– Прости!
Было слышно, как в дальнем конце коридора пьяный голос тянул песню. Песня была жалостливая, со всхлипами, но слов почти не разобрать.
– Как я боялась! – сказала Клава. – Я думала, они тебя убьют. Не ожидала, что ты их так побьешь. Ты правда Коляна этого не помнишь?
– Не-е-ет, – просипел Корнышев.
– Он страшный. Я его всегда боялась. Как придет денег у тебя занять… Ты помнишь, как ему одалживал?
– Не-е-ет.
– Одалживал, – вздохнула Клава. – Так это называлось. Когда сто рублей, а когда и триста. И ни разу он денег не вернул. Такой рэкет местный. Ты сам мне рассказывал, как Колян тебя чуть не убил. Еще до того, как я сюда приехала. Он, вроде, денег у тебя просил, а ты не дал. Он – в драку. И потом ты стал ему платить. Откупался, в общем. Только он тысячу просит – ты ему сто даешь. А он злился. Обещал припомнить. Это уже при мне было. А сегодня ты ни с того ни с сего делаешь из него отбивную!
Клава покачала головой. Корнышев этого не видел, но догадался, что он сегодня действовал как-то не так, как сделал бы его двойник. Удивил Корнышев Клаву. Ни ожидала она от него подобной прыти.
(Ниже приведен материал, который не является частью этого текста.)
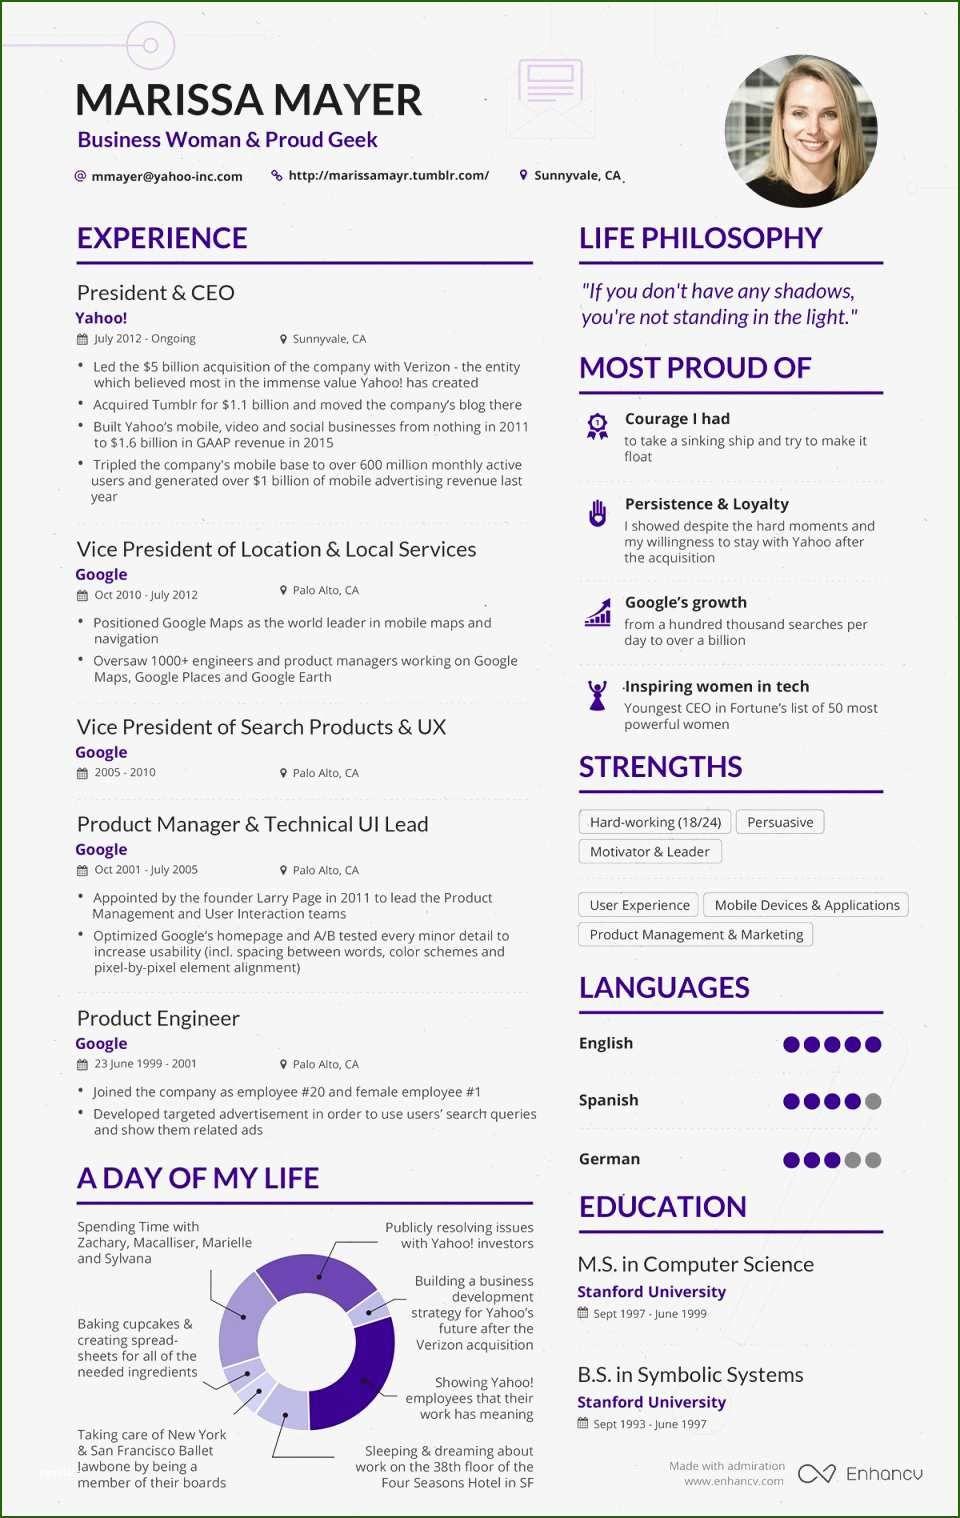 18 Admirable Marissa Mayer Resume Template Marissa Mayer Infographic Resume Cv Words

Клава обрабатывала рану, Корнышев вдруг взял ее руку в свою и осторожно погладил.
– Ты-ы-ы не волну-у-уйся… Не да-а-ам в оби-и-иду…
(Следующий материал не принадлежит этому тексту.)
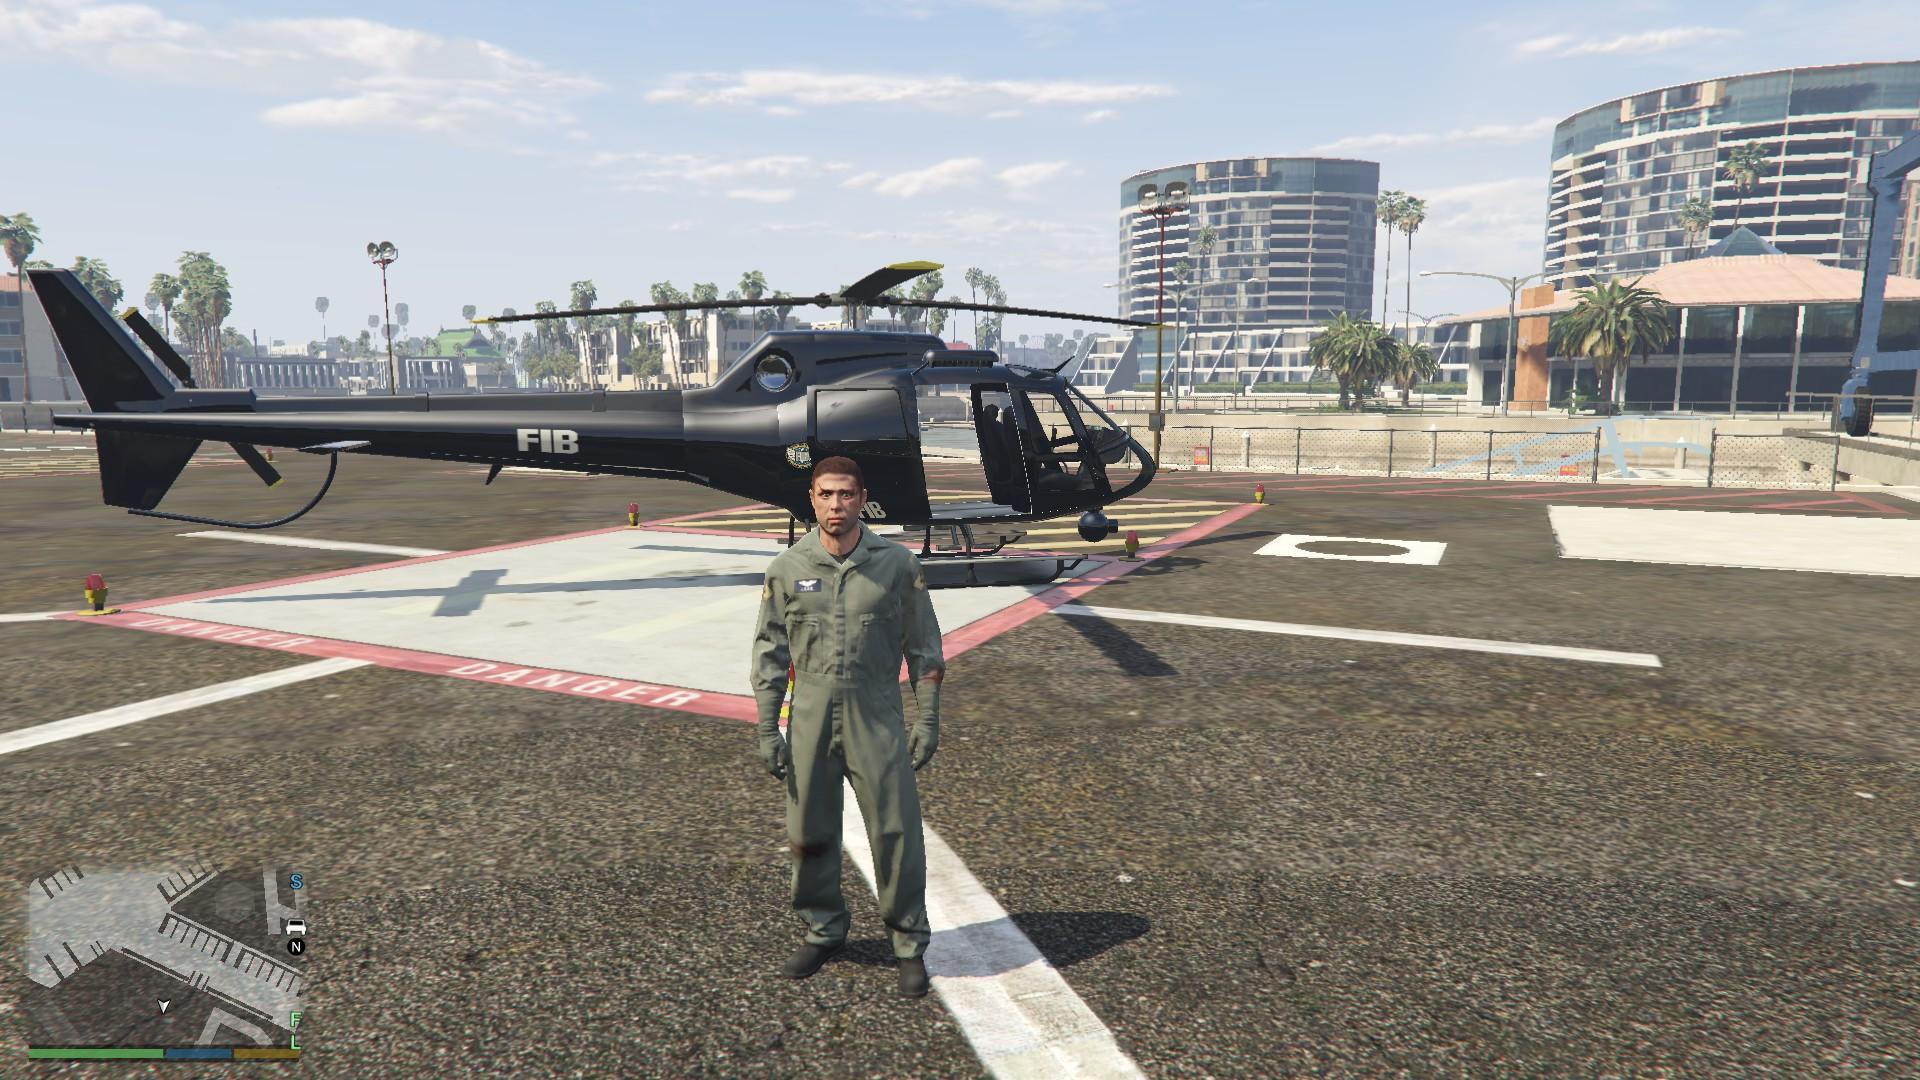 Elicottero Gta 5 : Fib police helicopter gta mods

– Ты какой-то не такой стал, – сказала Клава, не отнимая руки. – Изменился.
Корнышев насторожился.
– Руки гладишь, – сказала Клава. – Никогда раньше так не делал.
Перед сном, прежде чем раздеться, Корнышев сказал:
– Пога-а-аси све-е-ет.
Клава посмотрела на него озадаченно. Что ему свет? И разве видит он его?
Лампочка светила тускло.
– Так ведь нету света, – солгала Клава. – Темно. Или ты какой-то проблеск видишь?
– Н-е-ет, – прошелестел Корнышев.
– Ты раздевайся, – предложила Клава. – Сам сможешь? Или тебе помочь?
– Са-а-ам.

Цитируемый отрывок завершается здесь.